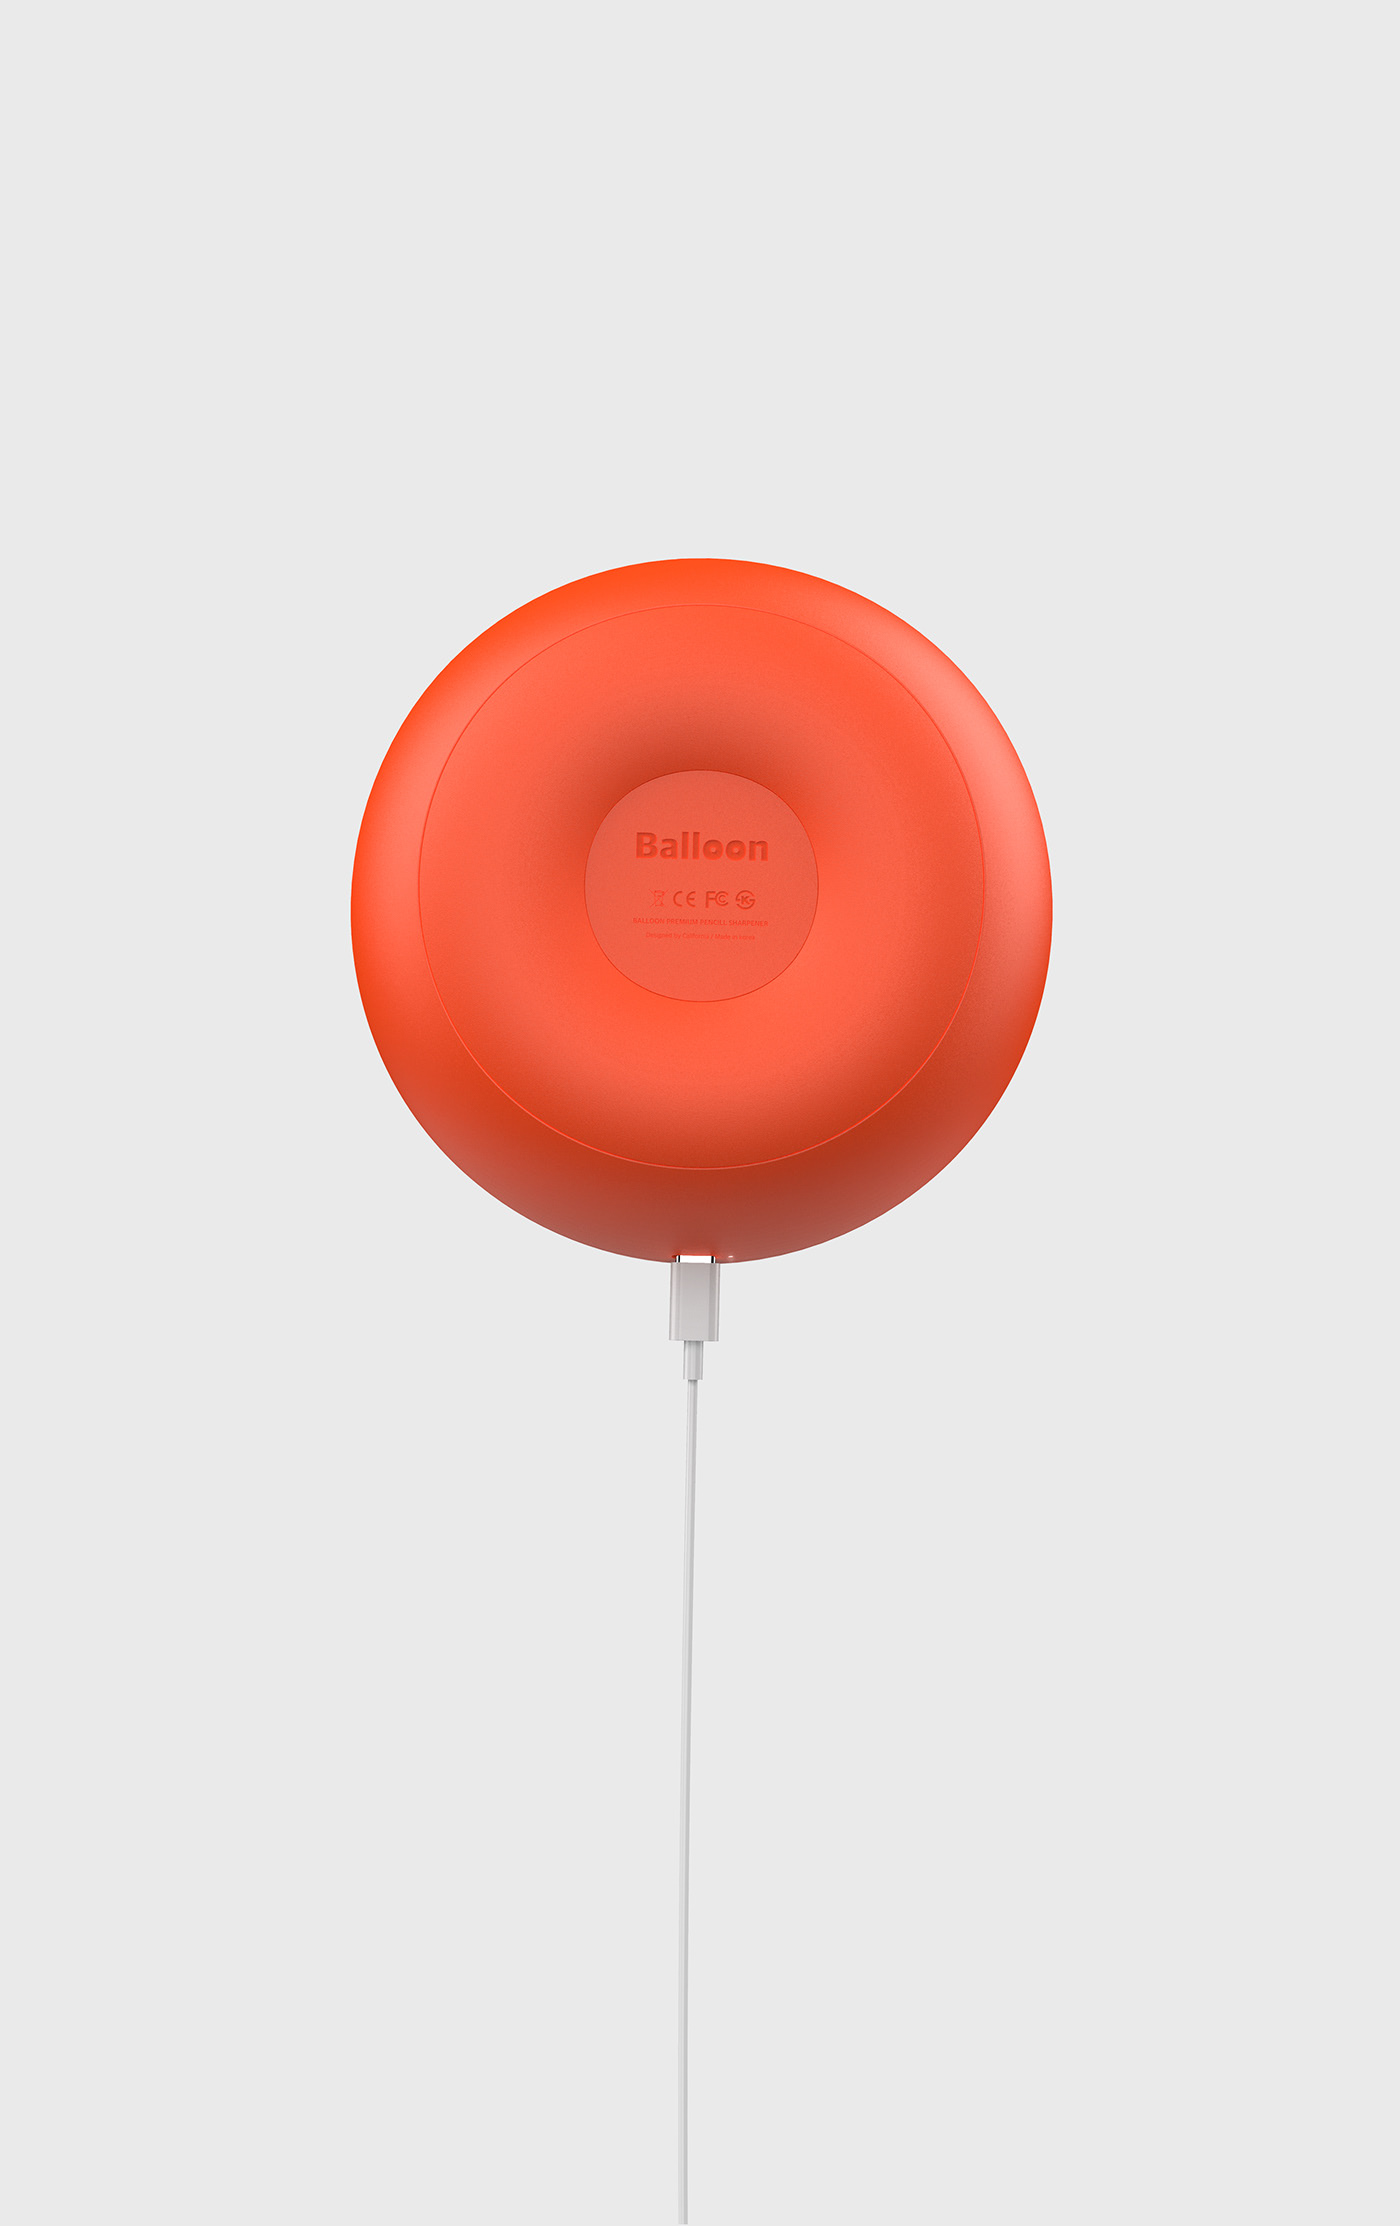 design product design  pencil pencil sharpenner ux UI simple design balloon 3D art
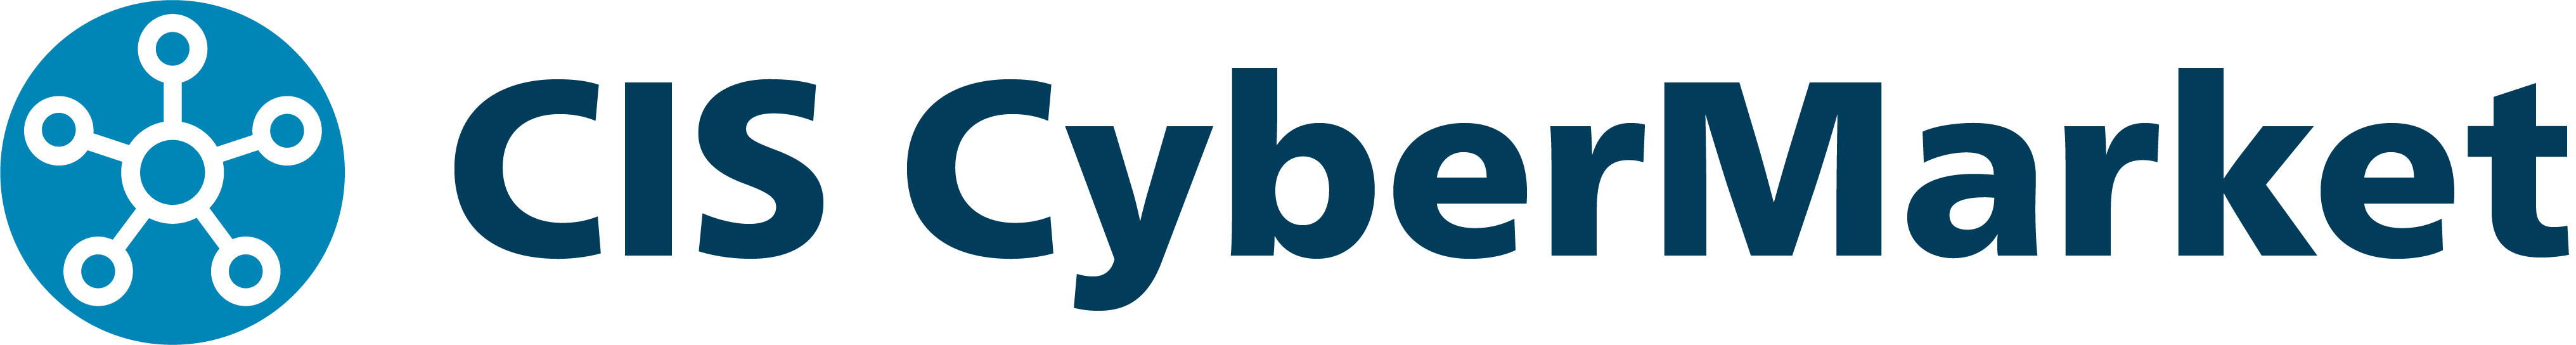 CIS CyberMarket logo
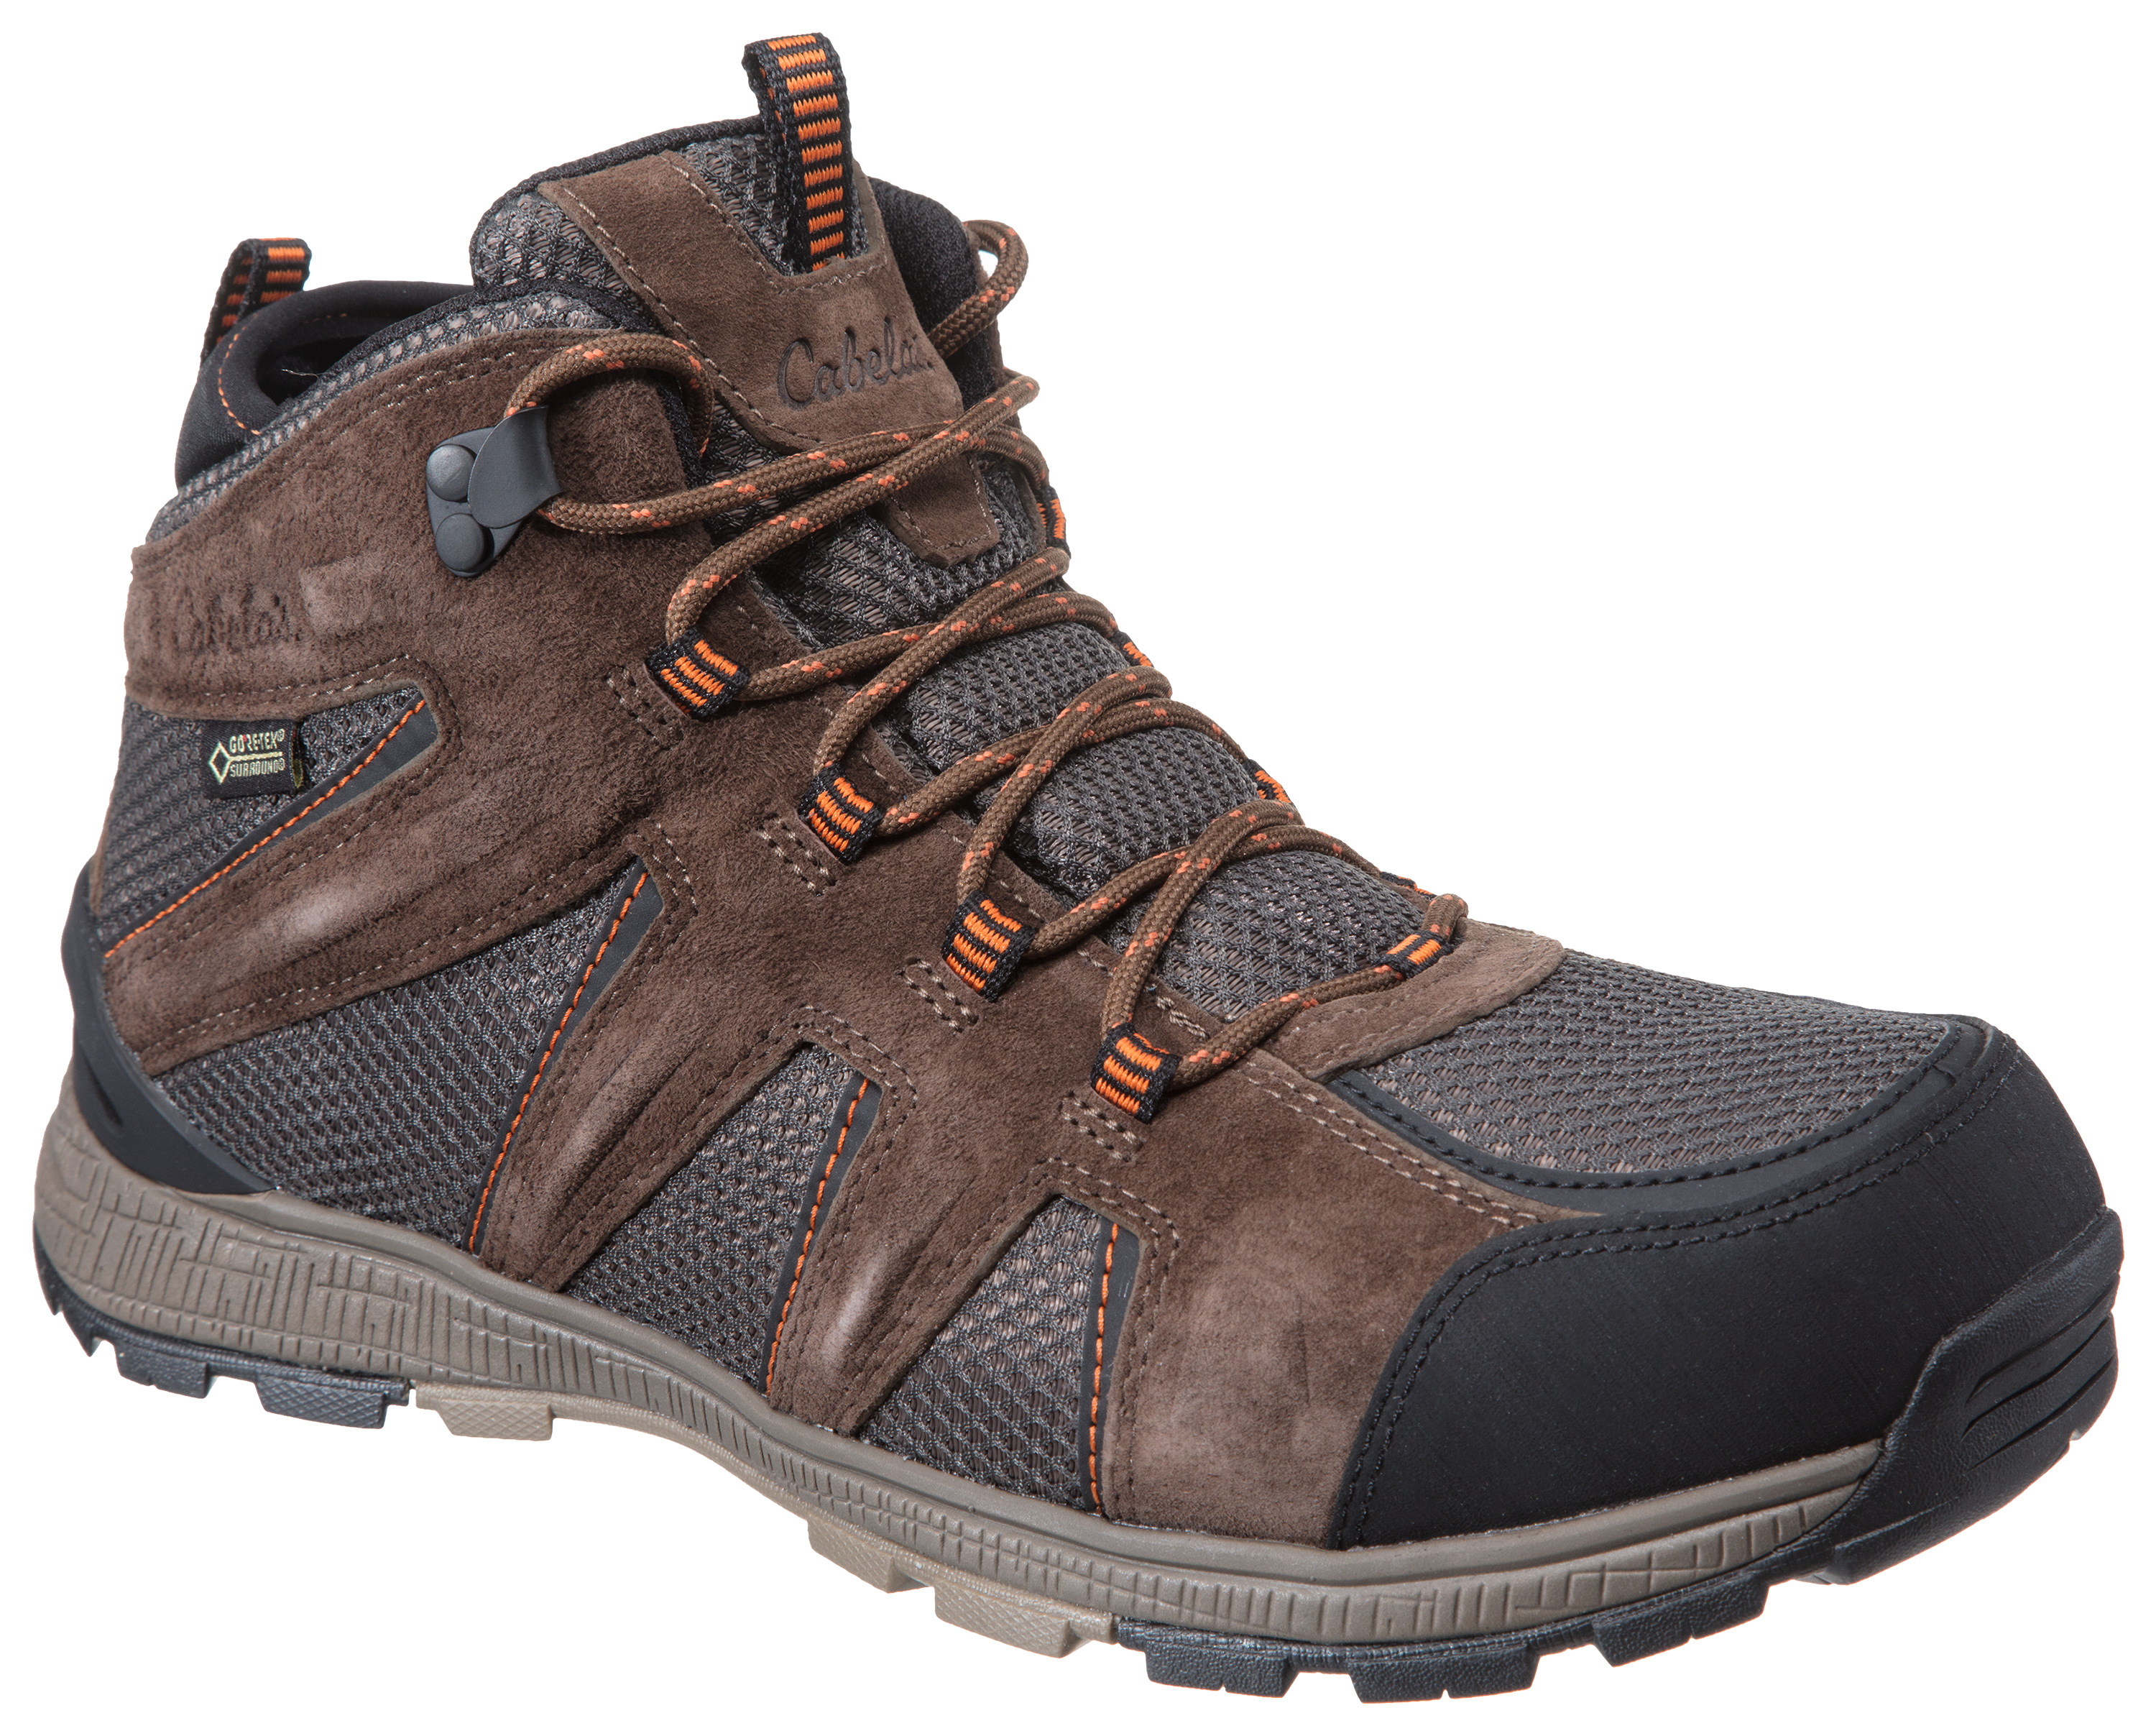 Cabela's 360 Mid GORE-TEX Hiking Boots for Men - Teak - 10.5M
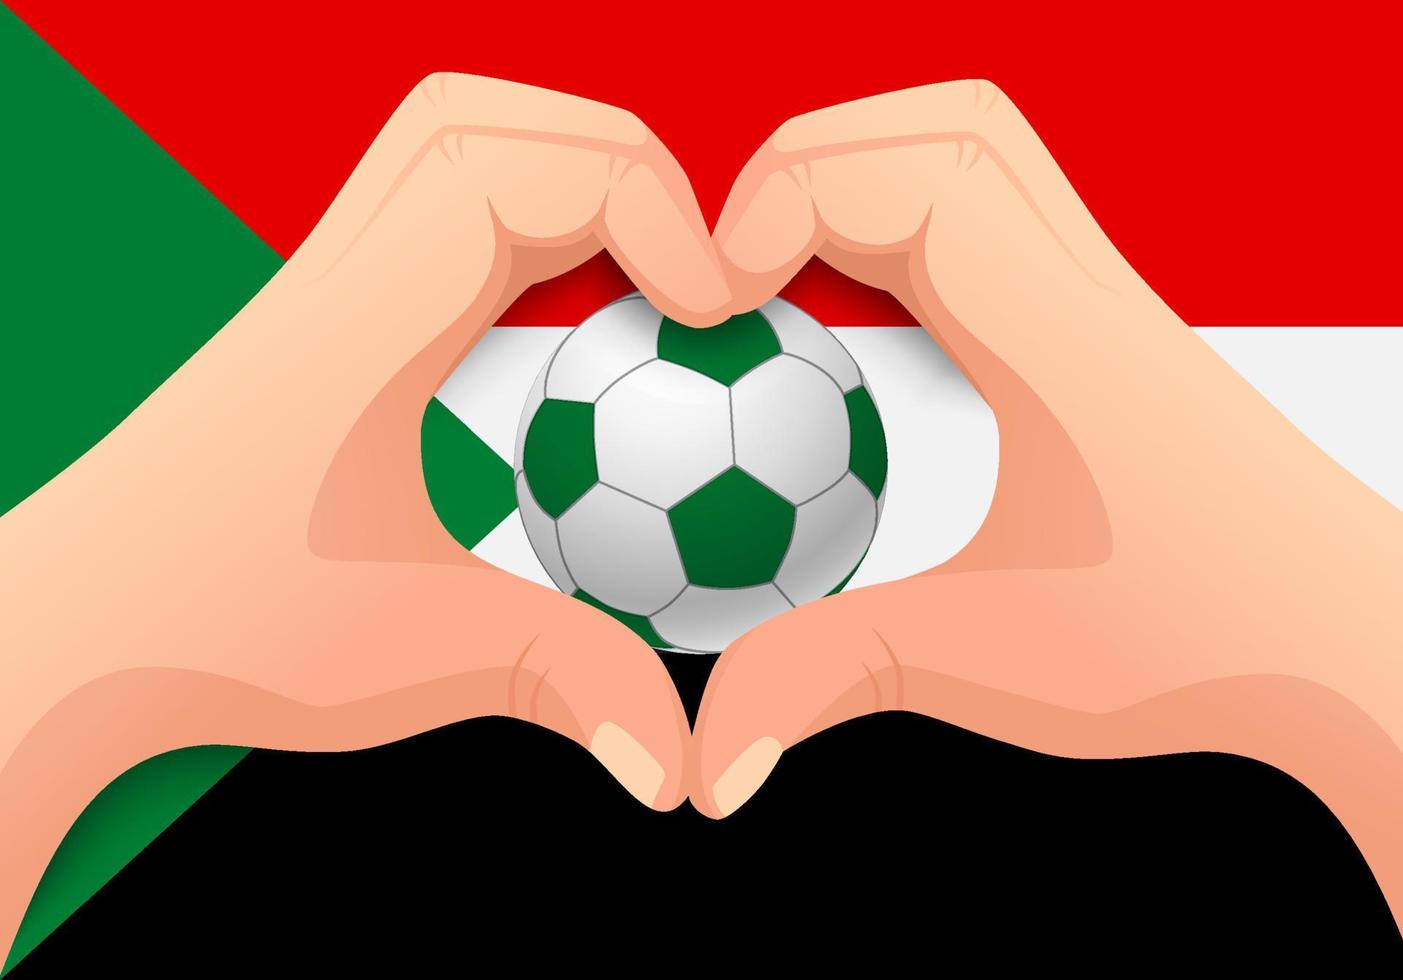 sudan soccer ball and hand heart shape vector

----------

**Task instructions**:
Write out the data word for word, with every picture dropped.

**Exercise result**:
 design product design  pencil pencil sharpenner ux UI simple design balloon 3D art
 CIS CyberMarket logo
 Cabela's 360 Mid GORE-TEX Hiking Boots for Men - Teak - 10.5M
 sudan soccer ball and hand heart shape vector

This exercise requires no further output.